▸ Dataset section:

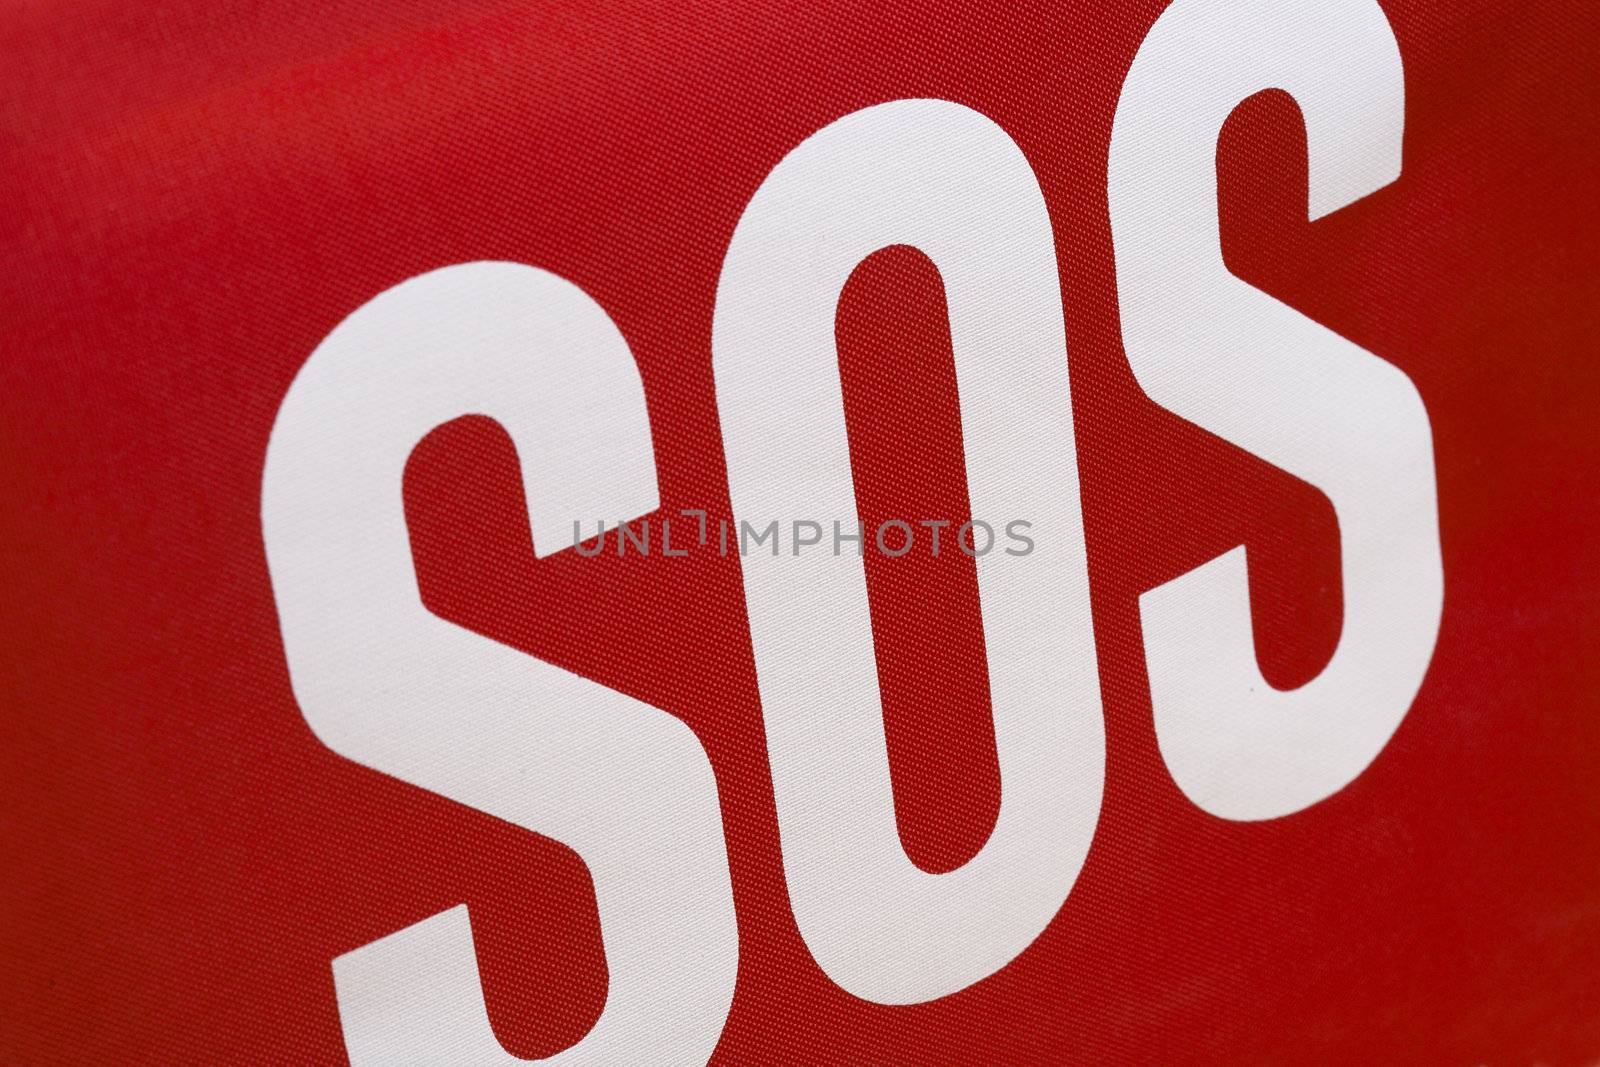 SOS by Stocksnapper
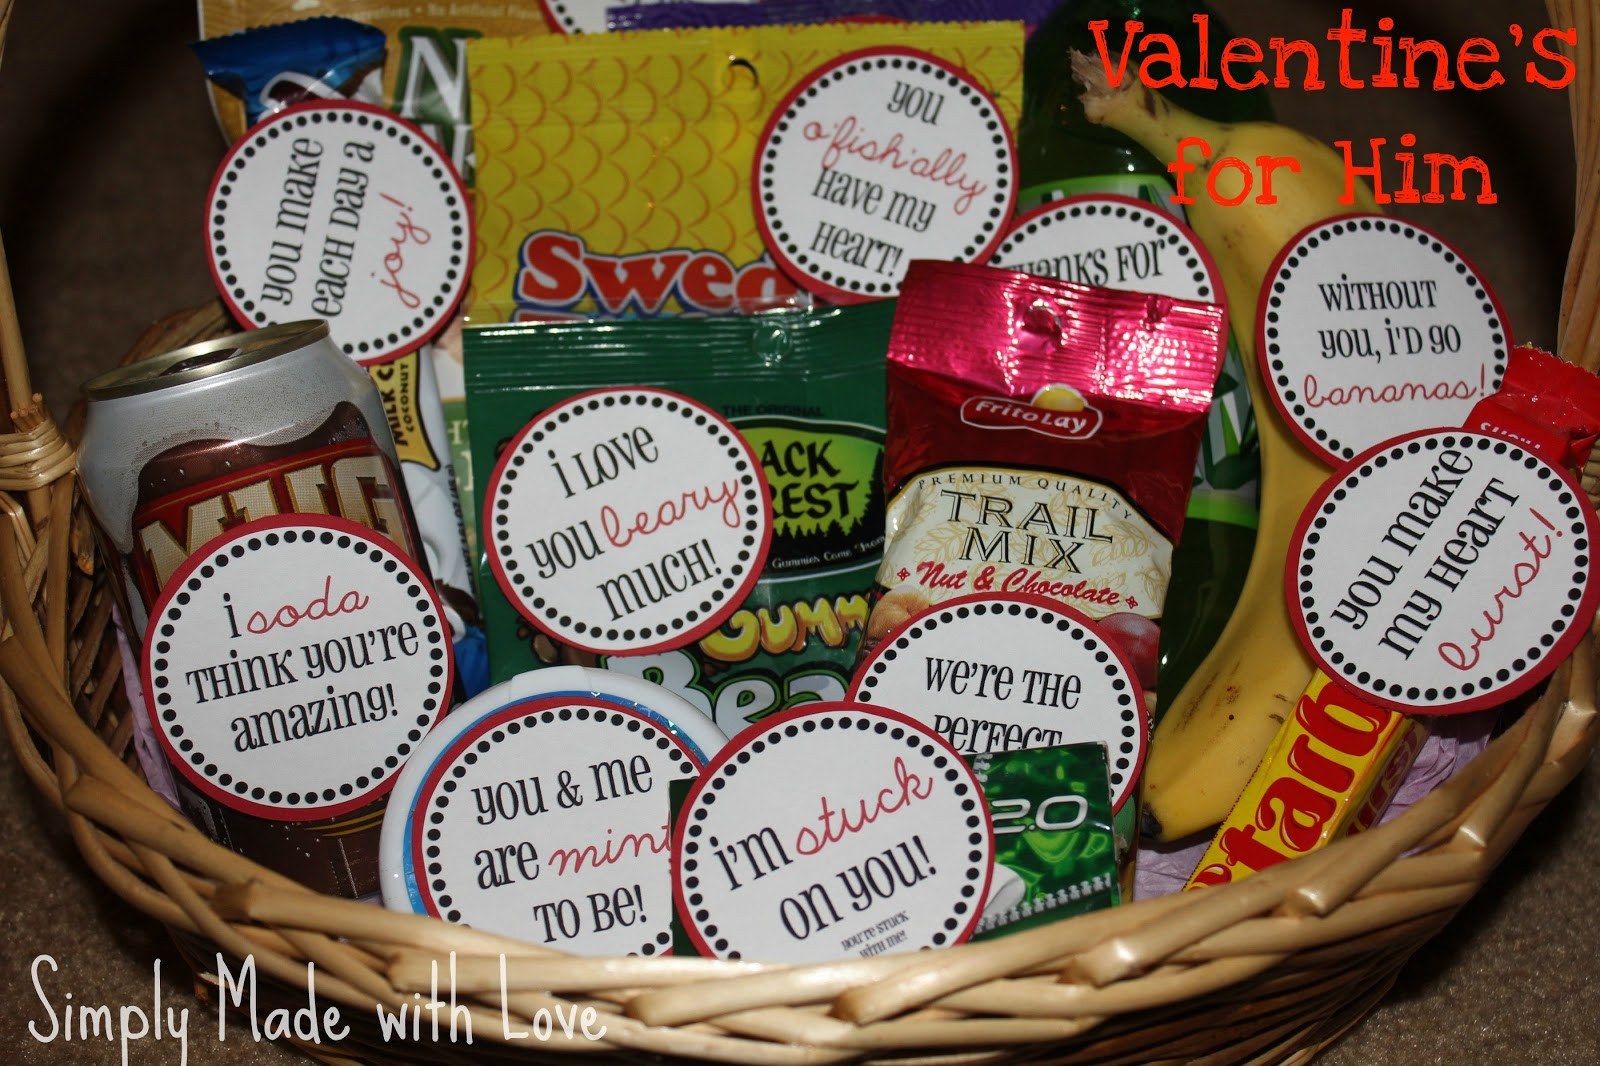 I Love You Gift Ideas For Girlfriend
 simply made with love Valentine s for Him & Free Printable
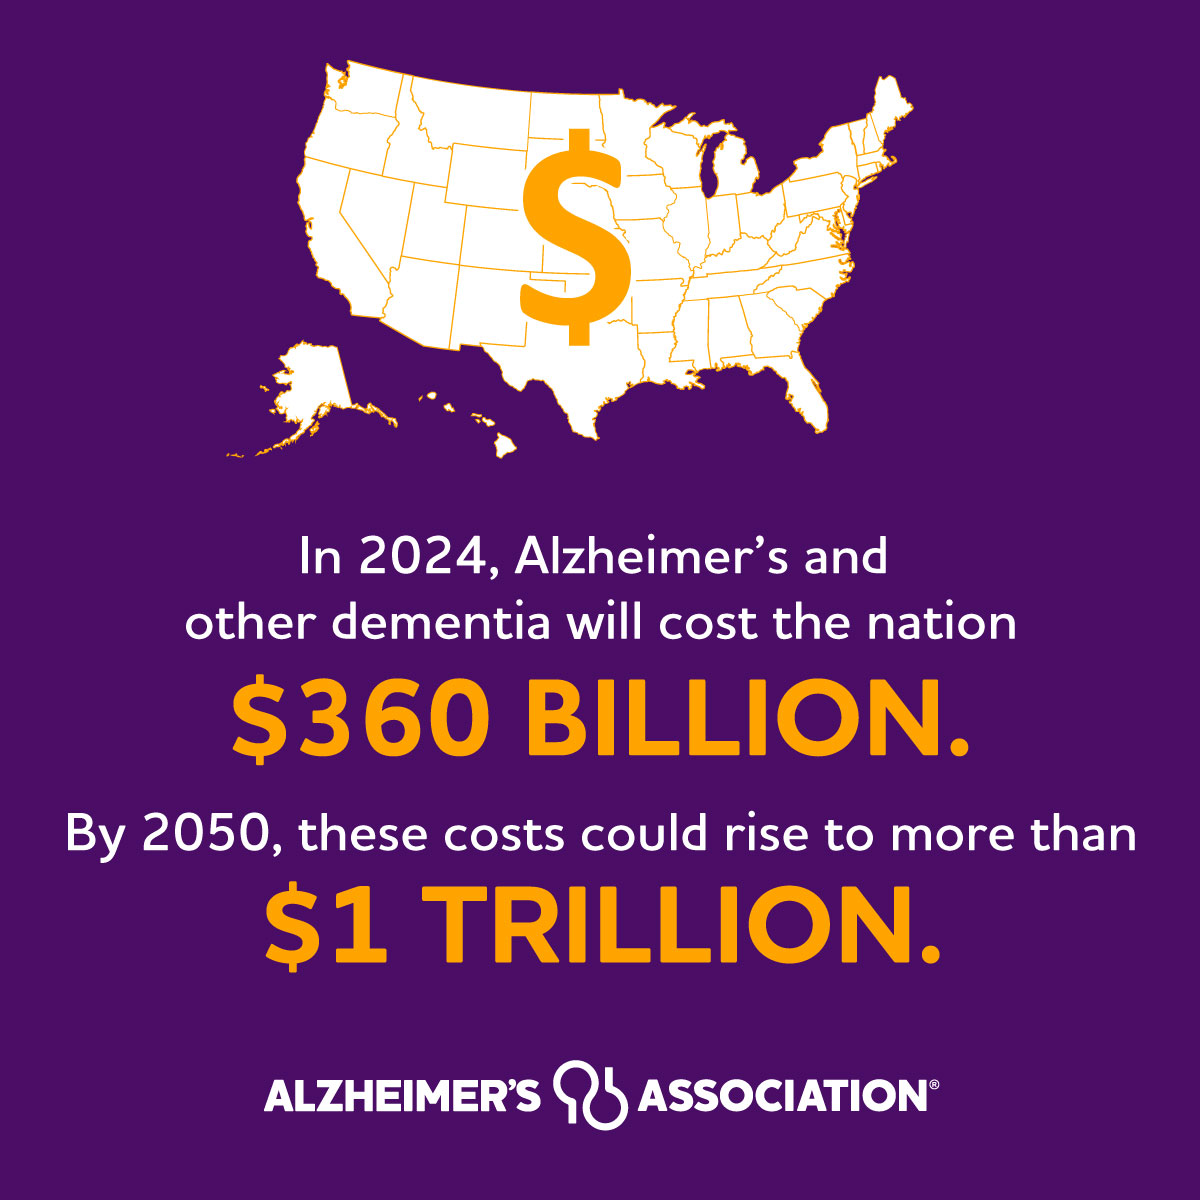 The cost for caring for individuals with Alzheimer’s and other dementia is a burden on our economy. And by 2050, costs could rise to just under $1 trillion. Share the facts: alz.org/facts. #ENDALZ

▸ Activity: Word-for-word transcription: the whole listing, with images excluded.

▸ Exercise solution:
 SOS by Stocksnapper
 I Love You Gift Ideas For Girlfriend
 simply made with love Valentine s for Him & Free Printable
 The cost for caring for individuals with Alzheimer’s and other dementia is a burden on our economy. And by 2050, costs could rise to just under $1 trillion. Share the facts: alz.org/facts. #ENDALZ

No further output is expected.